I am hoping at some point to be able to extract tabular data from PDFs for my data wrangling software. If anyone knows of a library that can extract tables from PDFs, can be inegrated into a C++ app and is free or less than a few hundred $, please let me know!
- ______ a month ago
  
  pdfplumber is great for table extraction but it is python
  
  hermitcrab a month ago
  
  Thanks, but I prefer to keep everything C++ for simplicity and speed.
j45 a month ago

PDFs inherently are a markup / xml format, the standard is available to learn from.
It's possible to create the same PDF in many, many, many ways.
Some might lean towards exporting a layout containing text and graphics from a graphics suite.
Others might lean towards exporting text and graphics from a word processor, which is words first.

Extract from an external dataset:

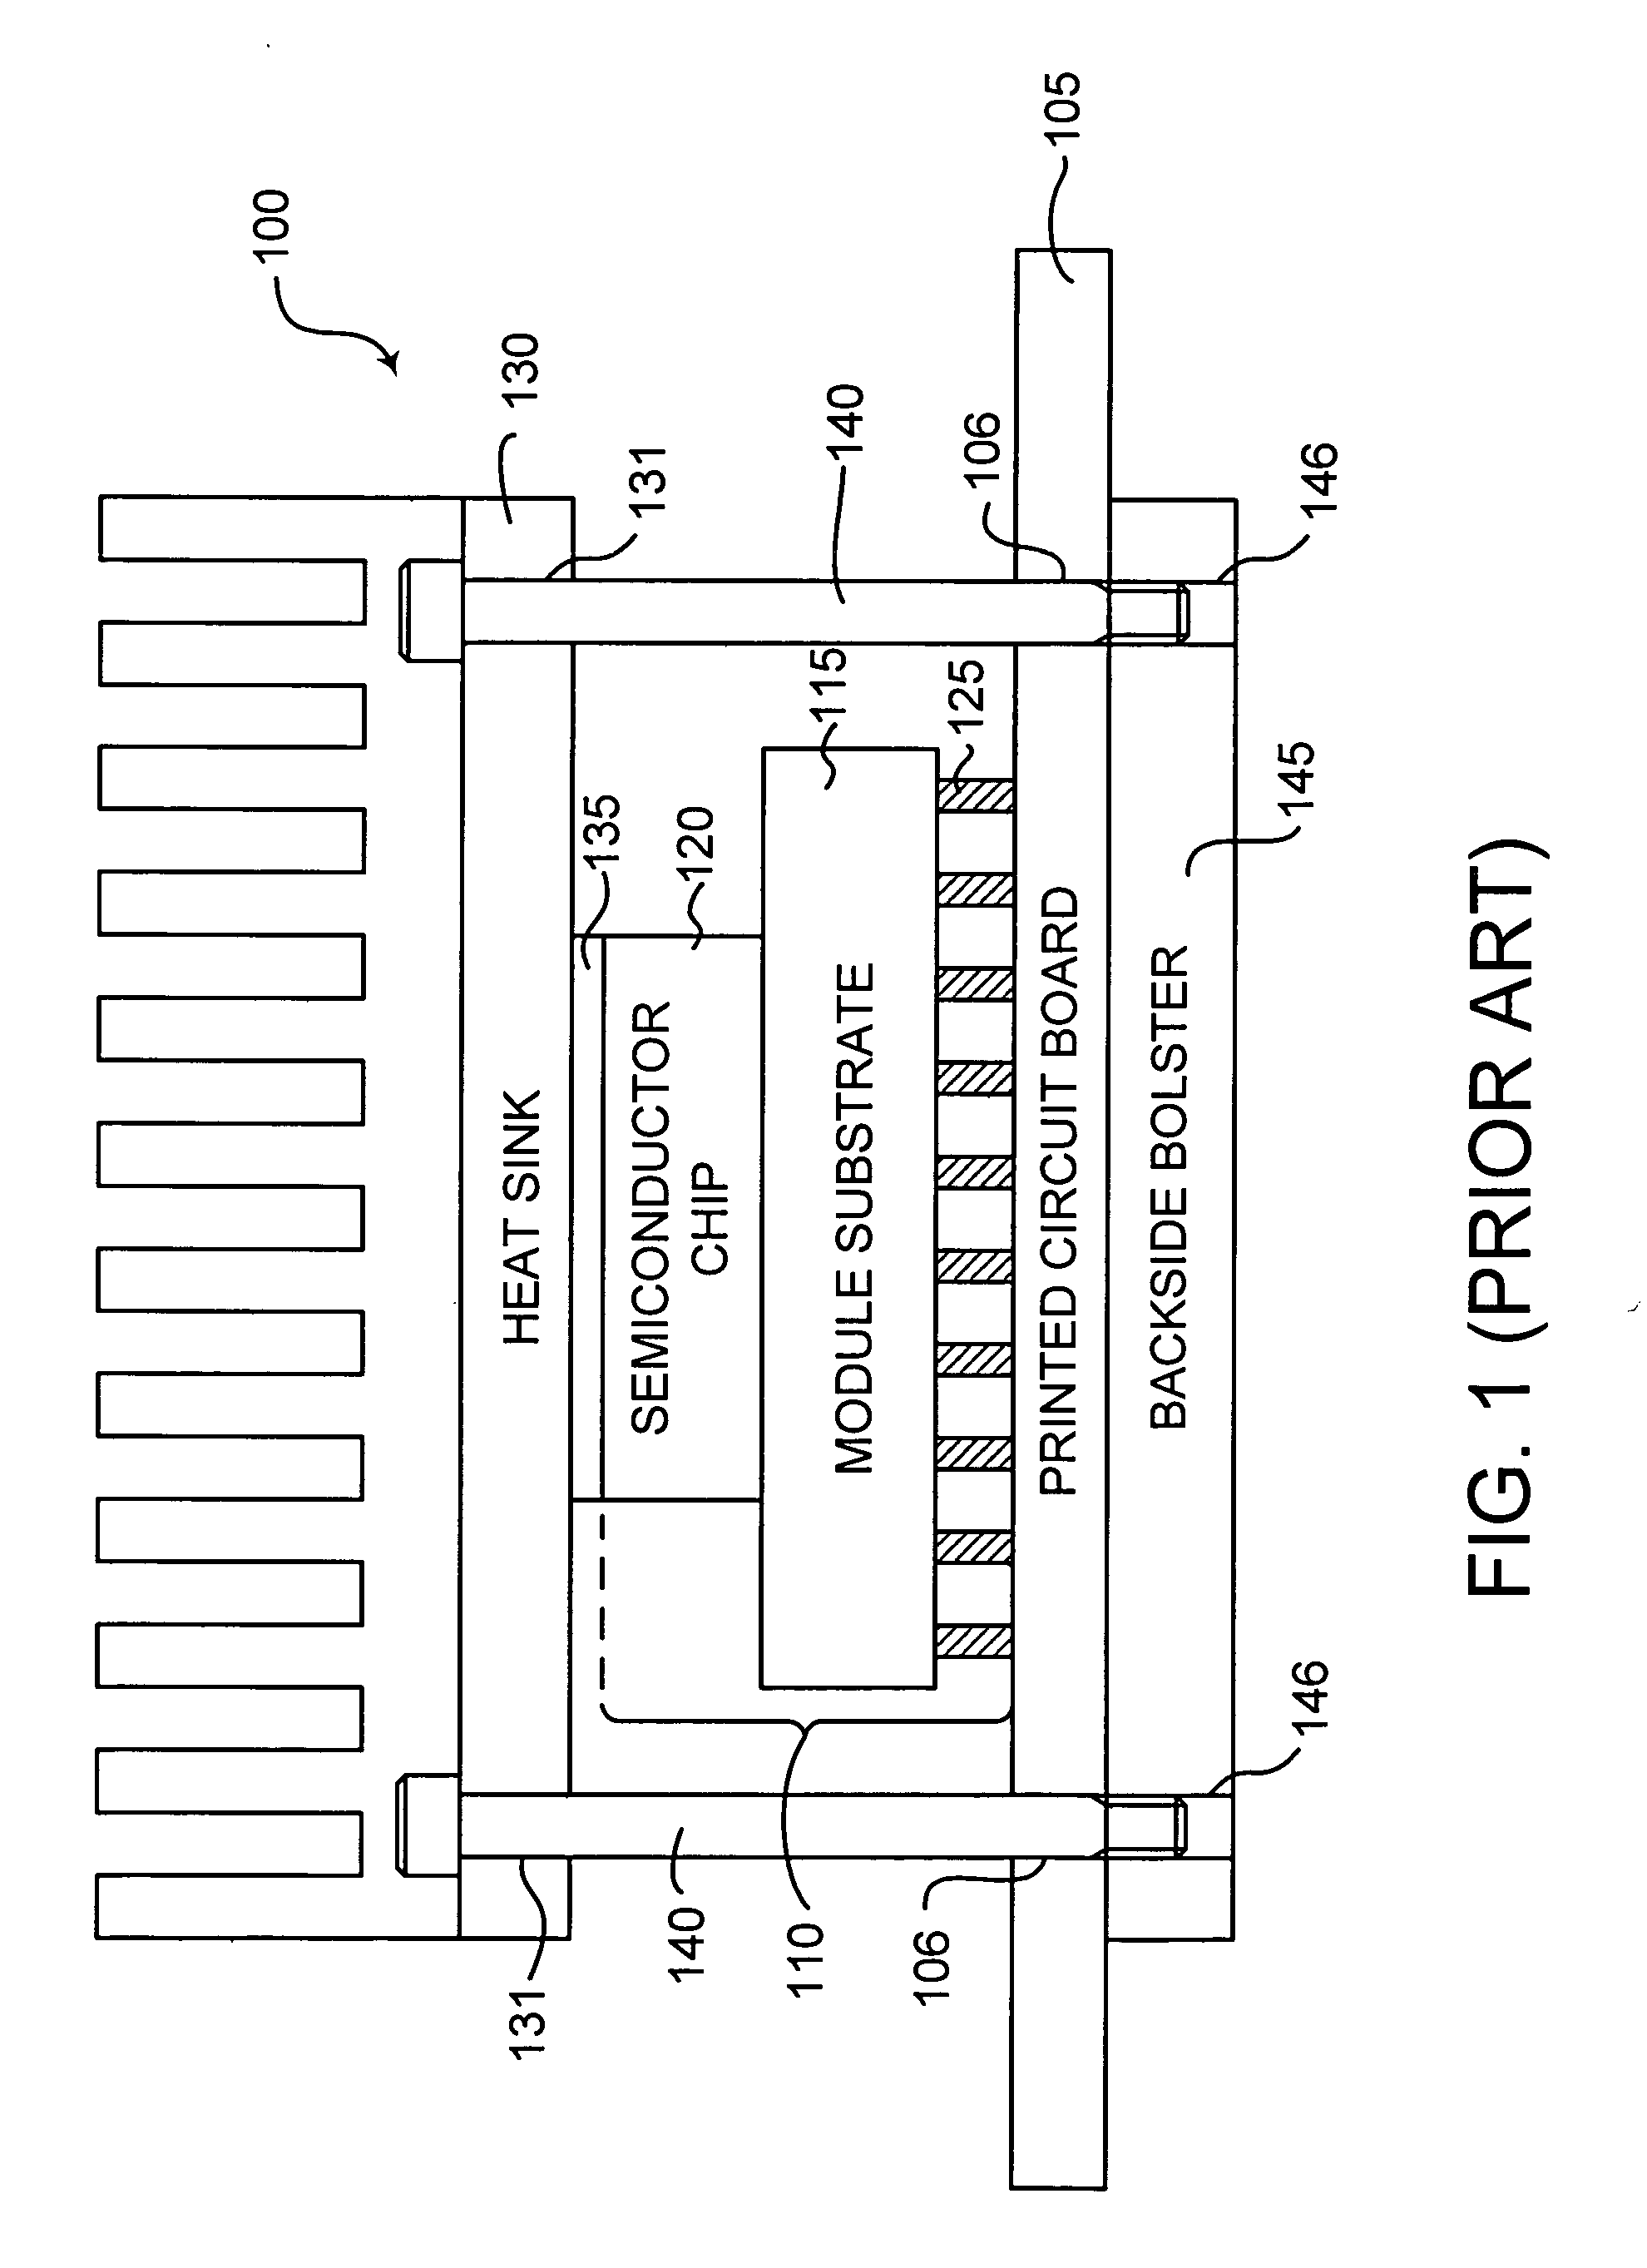 Method and apparatus for mounting a heat sink in thermal contact with an electronic component

The lens of how the creating app deals with information is often something that has input on how the PDF is output.
If you're looking for an off the shelf utility that is surprisingly decent at pulling structured data from PDFs, tools like cisdem have already solved enough of it for local users. Lots of tools like this out there, many do promise structured data support but it needs to match what you're up to.
- layer8 a month ago
  
  > PDFs inherently are a markup / xml format
  This is false. PDFs are an object graph containing imperative-style drawing instructions (among many other things). There’s a way to add structural information on top (akin to an HTML document structure), but that’s completely optional and only serves as auxiliary metadata, it’s not at the core of the PDF format.
  
  j45 a month ago
  
  I appreciate the clarification. Should have been more precise with my terminology.

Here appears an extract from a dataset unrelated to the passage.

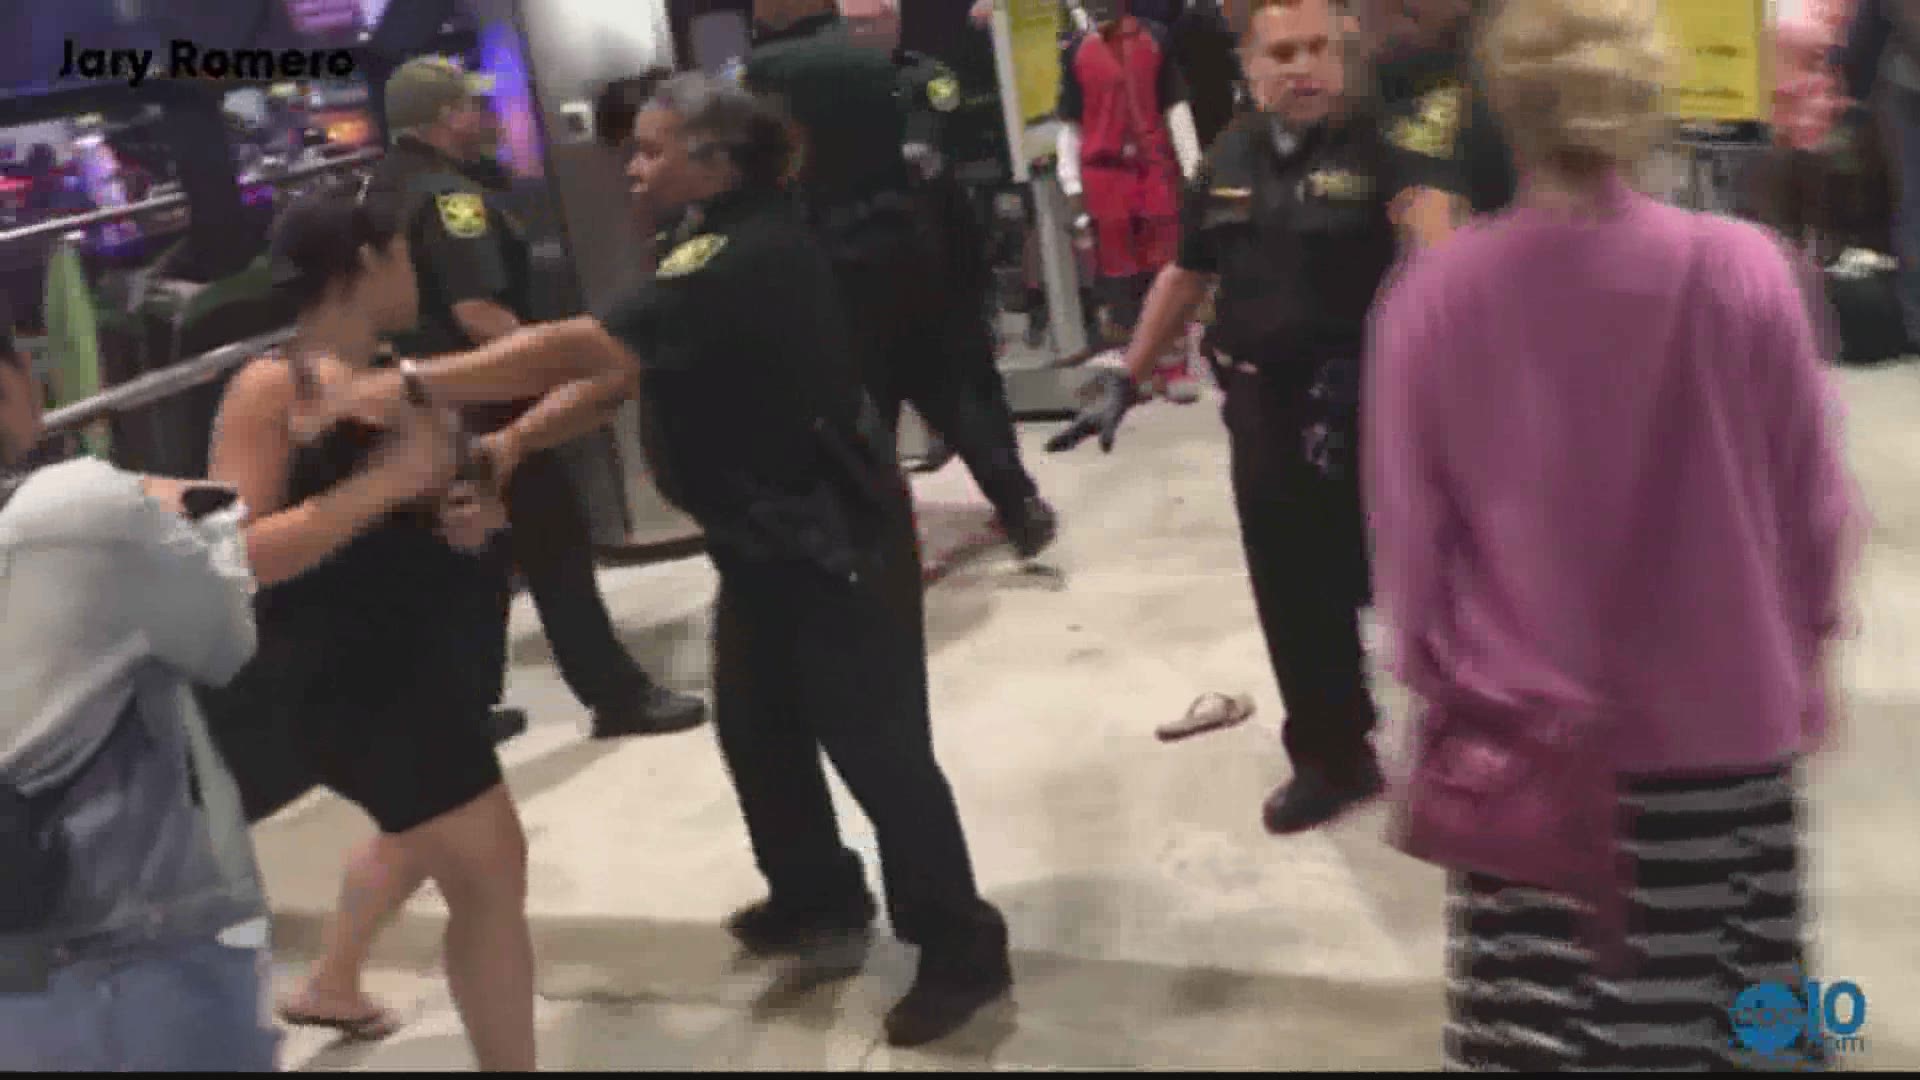 Passengers shared videos online of the commotion at Fort Lauderdale-Hollywood International Airport on Monday after several flights were abruptly cancelled (May 9, 2017)

  That being said, I think I'm talking about the forest of PDFs.
  When I said PDFs have a "markup-like structure," I was talking from my experience manually writing PDFs from scratch using Adobe's spec.

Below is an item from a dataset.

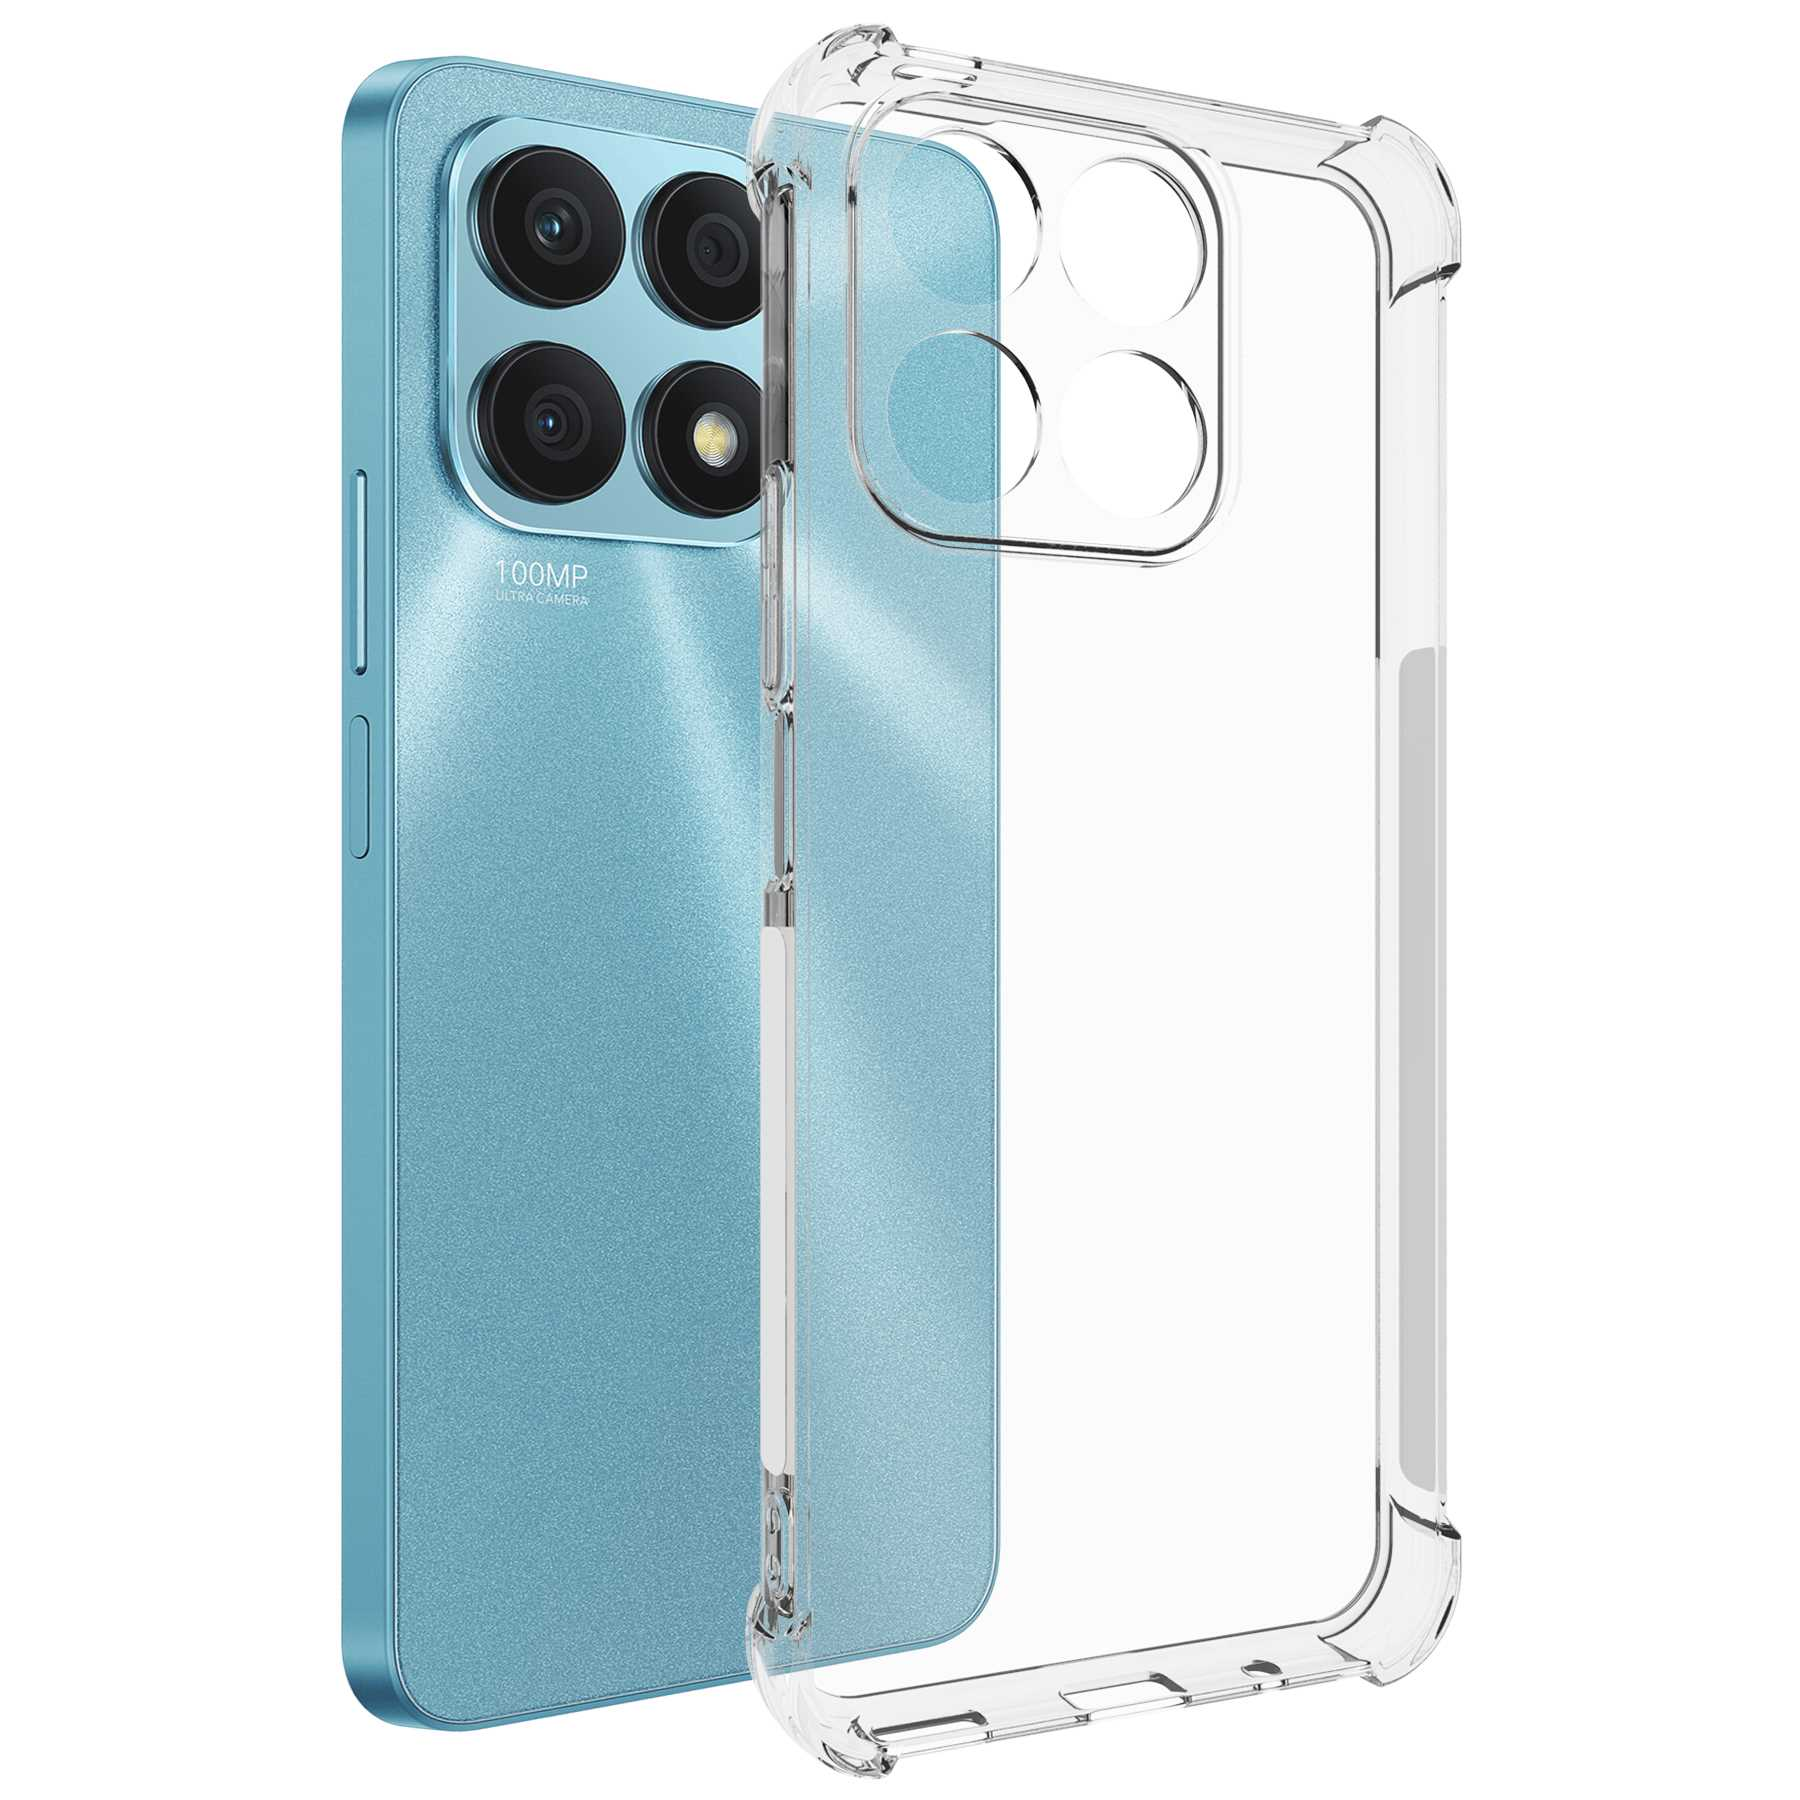 MORE Armor Clear MTB X8A, ENERGY Backcover, Honor, Transparent Case,

  PDFs definitely have a structured, hierarchical format with nested elements that looks a lot like markup languages conceptually.
  The objects have a structure comparable to DOM-like structures - there's clear parent-child relationships just like in markup languages. Working with tags like "<<" and ">>" feels similar to markup tags when hand coding them.
  This is an article that highlights what I have seen (much cleaner PDF code): "The Structure of a PDF File" (https://medium.com/@jberkenbilt/the-structure-of-a-pdf-file-...) which says:
  "There are several types of objects. If you are familiar with JSON, YAML, or the object model in any reasonably modern programming language, this will seem very familiar to you... A PDF object may have one of the following types: String, Number, Boolean, Null, Name, Array, Dictionary..."
  This structure with dictionaries in "<<" and ">>" and arrays in brackets really gave me markup vibes when coding to the spec (https://opensource.adobe.com/dc-acrobat-sdk-docs/pdfstandard...).
  While PDFs are an object graph with drawing instructions like you said, the structure itself looks a lot like markup formats.
  Might be just a difference in choosing to focus on the forest vs the trees.
  That hierarchical structure is why different PDF creation methods can make such varied document structures, which is exactly why text extraction is so tricky.
  Learning to hand code PDFs in many ways, lets you learn to read and unravel them a little differently, maybe even a bit easier.
  
  layer8 a month ago
  
  Markup is only indirectly related to hierarchical structure. “Markup” means that there is text that is being “marked up” with additional attributes (styling, structure information, metadata, …). This is how HTML and XML work, and also languages like TeX, Troff, and Markdown. For example, in the text “this is some text”, you can mark up the word “some” as being emphasized, as in “this is <em>some</em> text”.
  The general principle is that the base content is plain text, which is augmented with markup information, which may or may not have hierarchical aspects. You can simply strip away the markup again and recover just the text. That’s not at all how PDF works, however.
  You cite a comparison to JSON and YAML. Those are not markup languages (despite what YAML originally was an abbreviation for, see [0]). (HTML also isn’t DOM.)
  [0] https://stackoverflow.com/a/18928199
  
  j45 a month ago
  
  I was quoting the article there about JSON/YAML, not making that claim myself.
  Did you take a look at the article I linked? It shows visual examples of hand-coded PDFs that demonstrate the structural similarities I am talking about.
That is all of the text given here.